■ **Task to complete**
Leave out the images; return the rest of the data exactly.

(Supplied information begins)

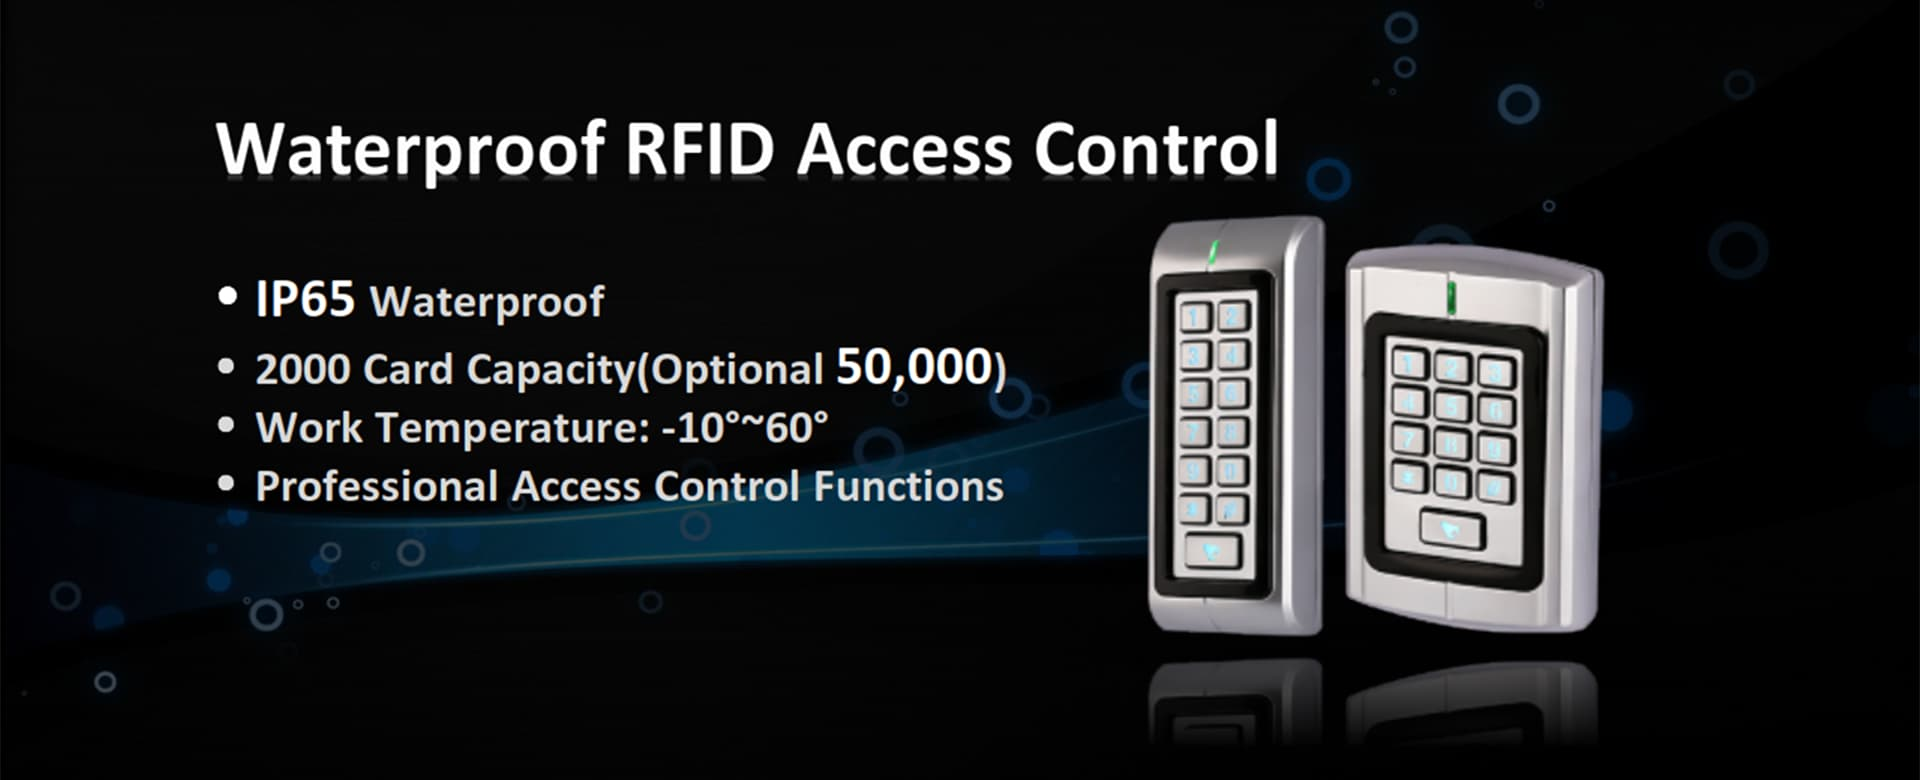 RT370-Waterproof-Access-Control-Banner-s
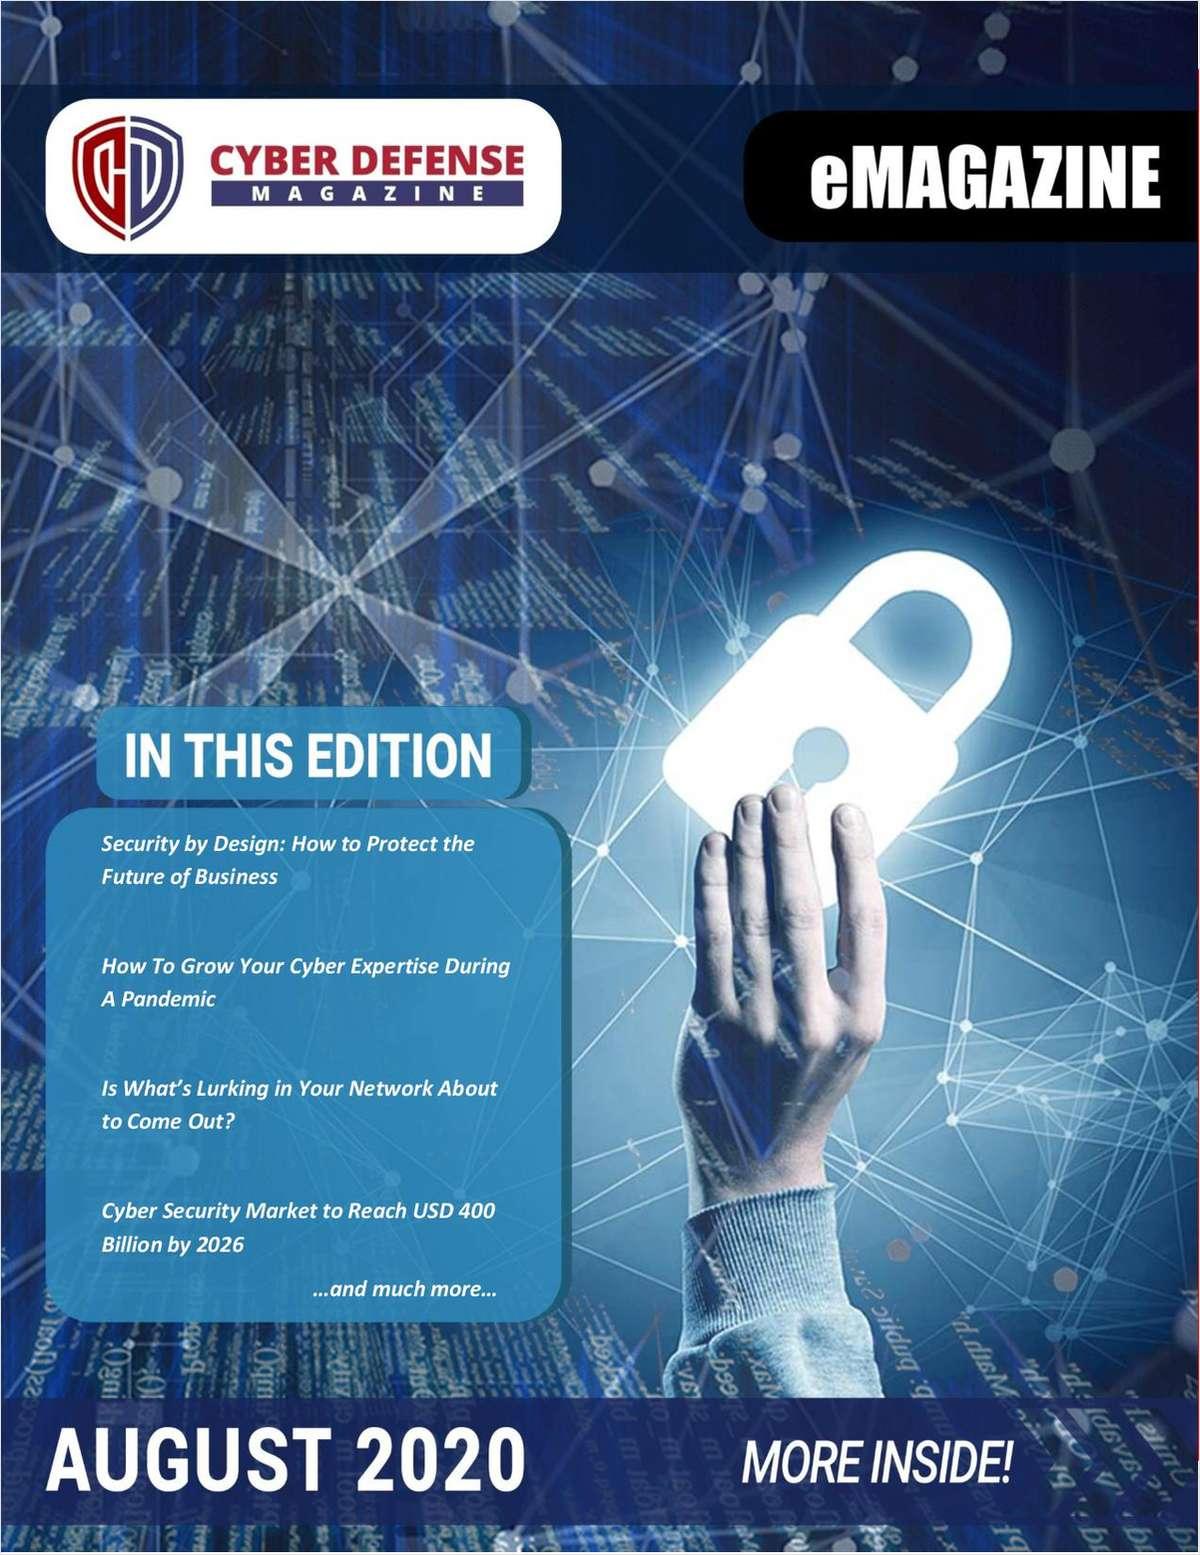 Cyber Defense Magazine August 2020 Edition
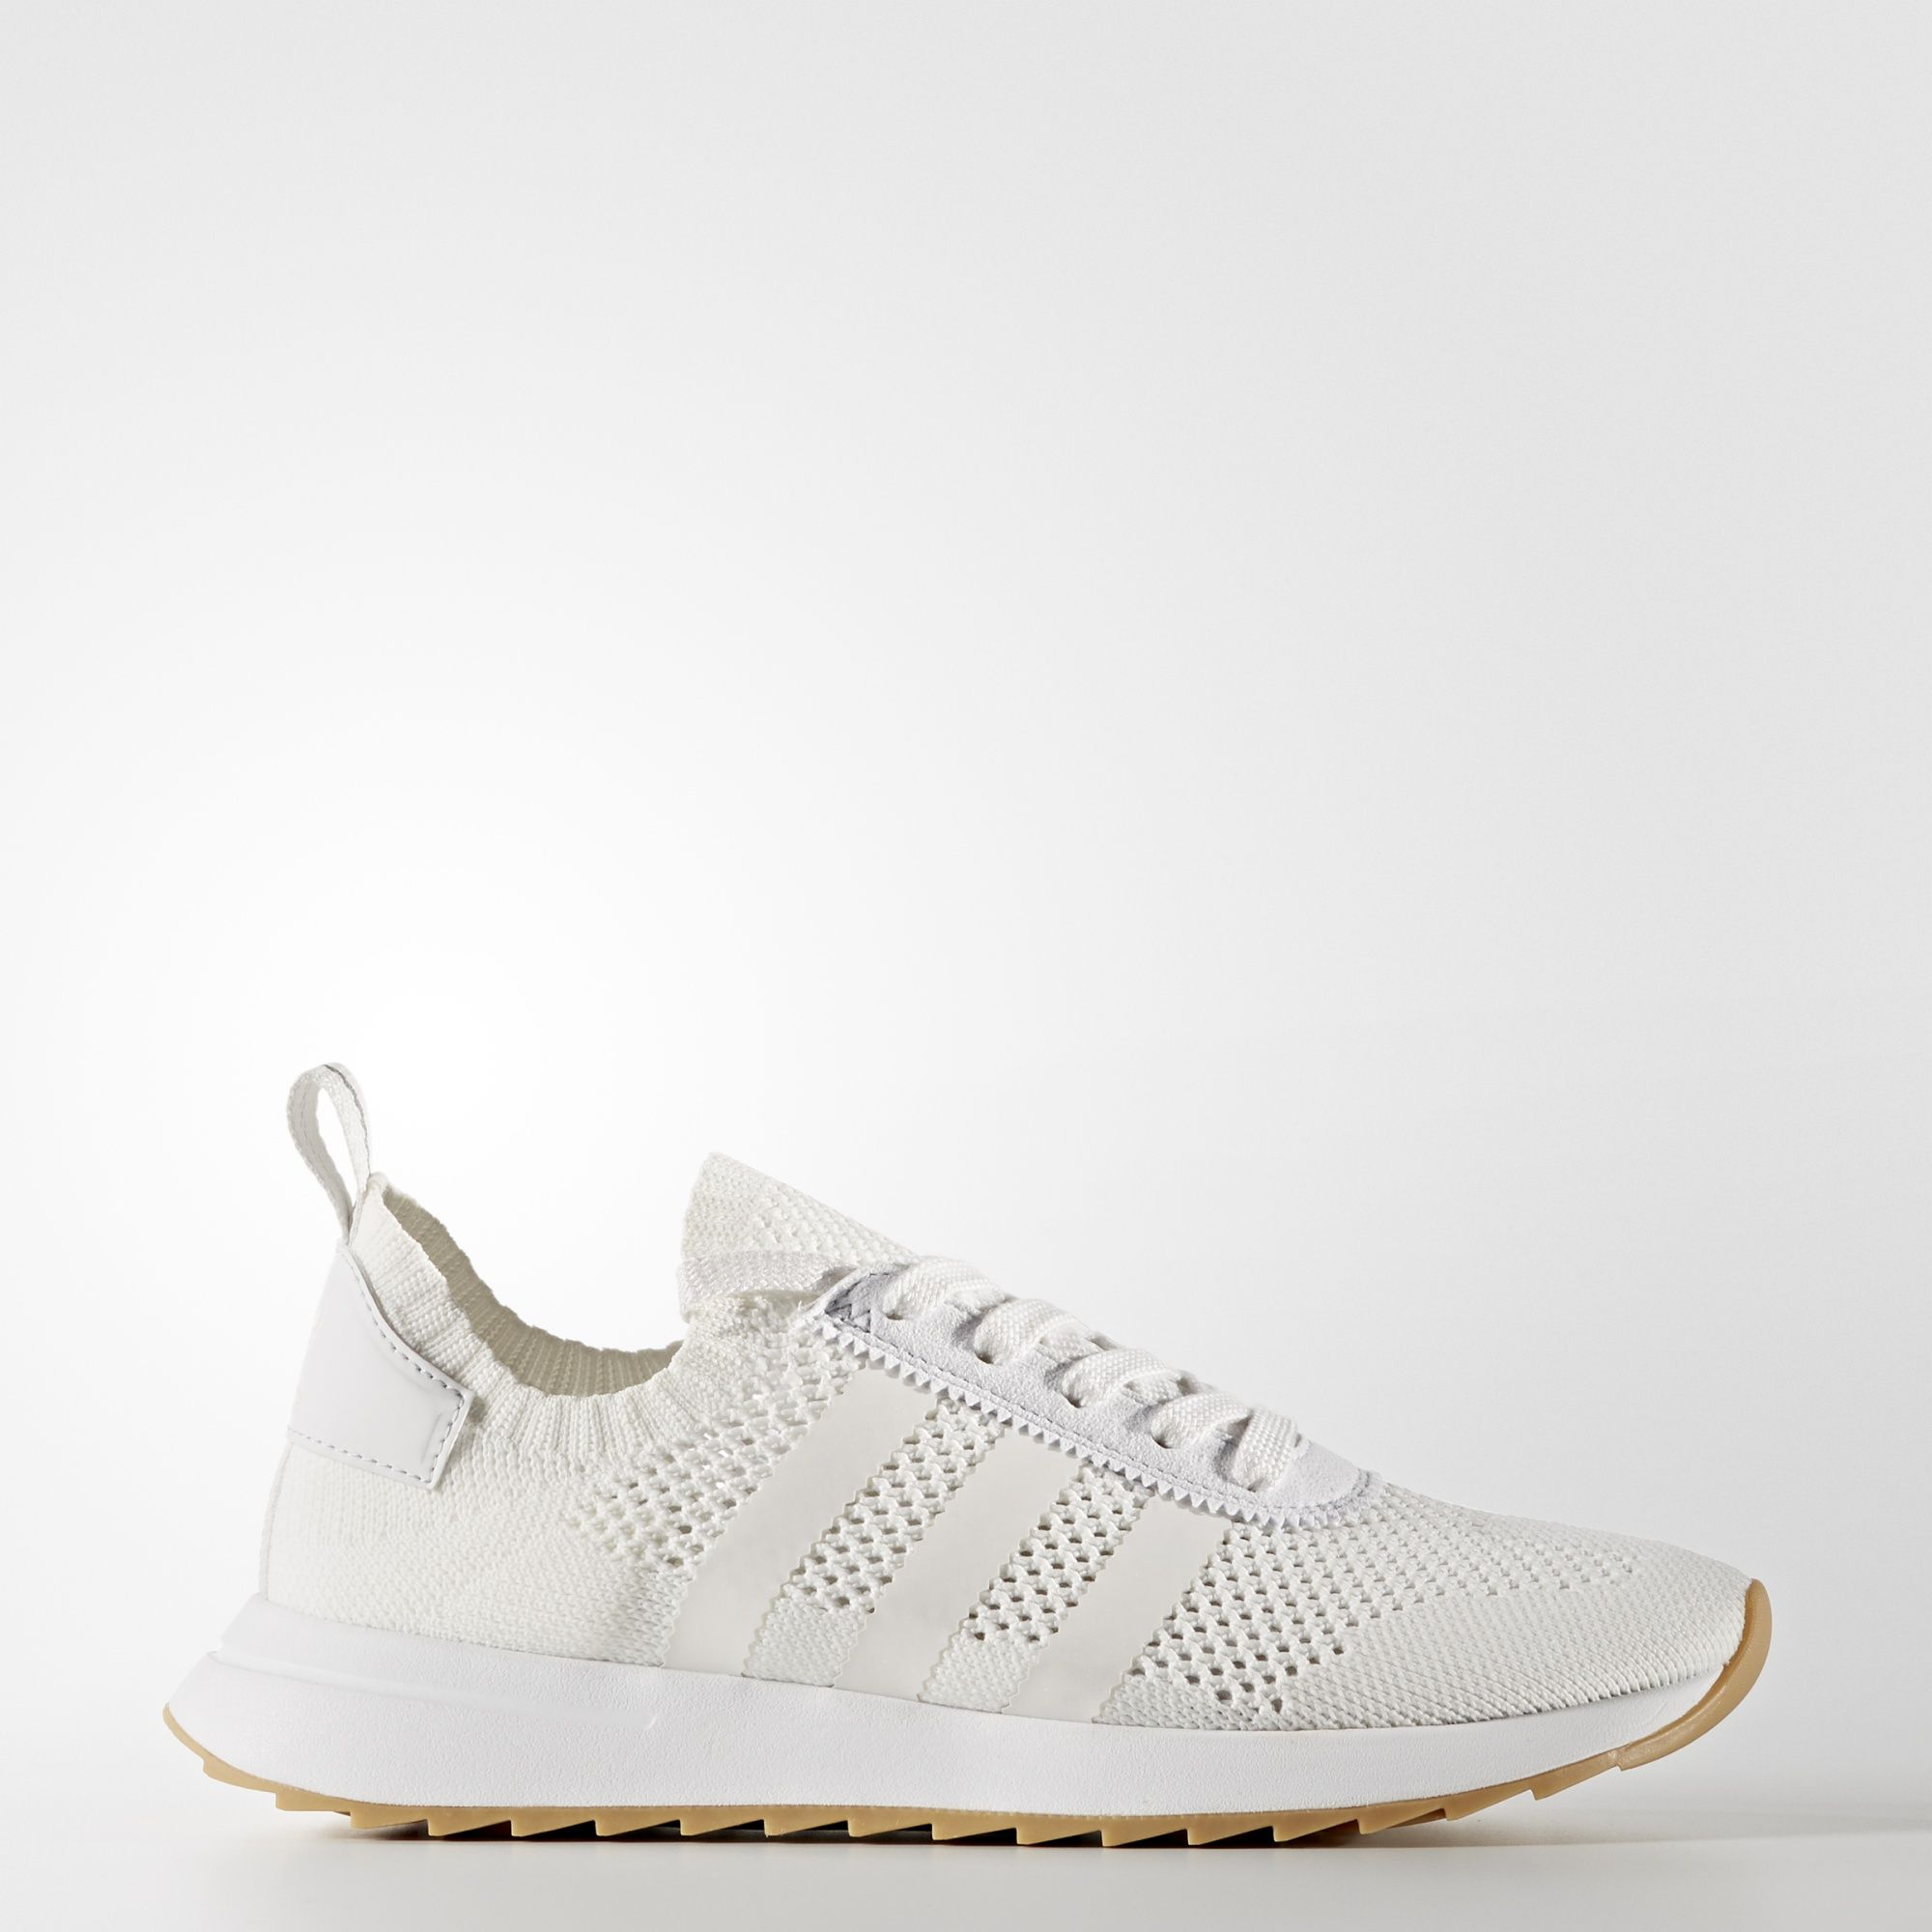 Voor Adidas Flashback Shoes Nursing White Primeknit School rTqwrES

(Supplied information ends)

■ **Result of the exercise**
 RT370-Waterproof-Access-Control-Banner-s
 Cyber Defense Magazine August 2020 Edition
 Voor Adidas Flashback Shoes Nursing White Primeknit School rTqwrES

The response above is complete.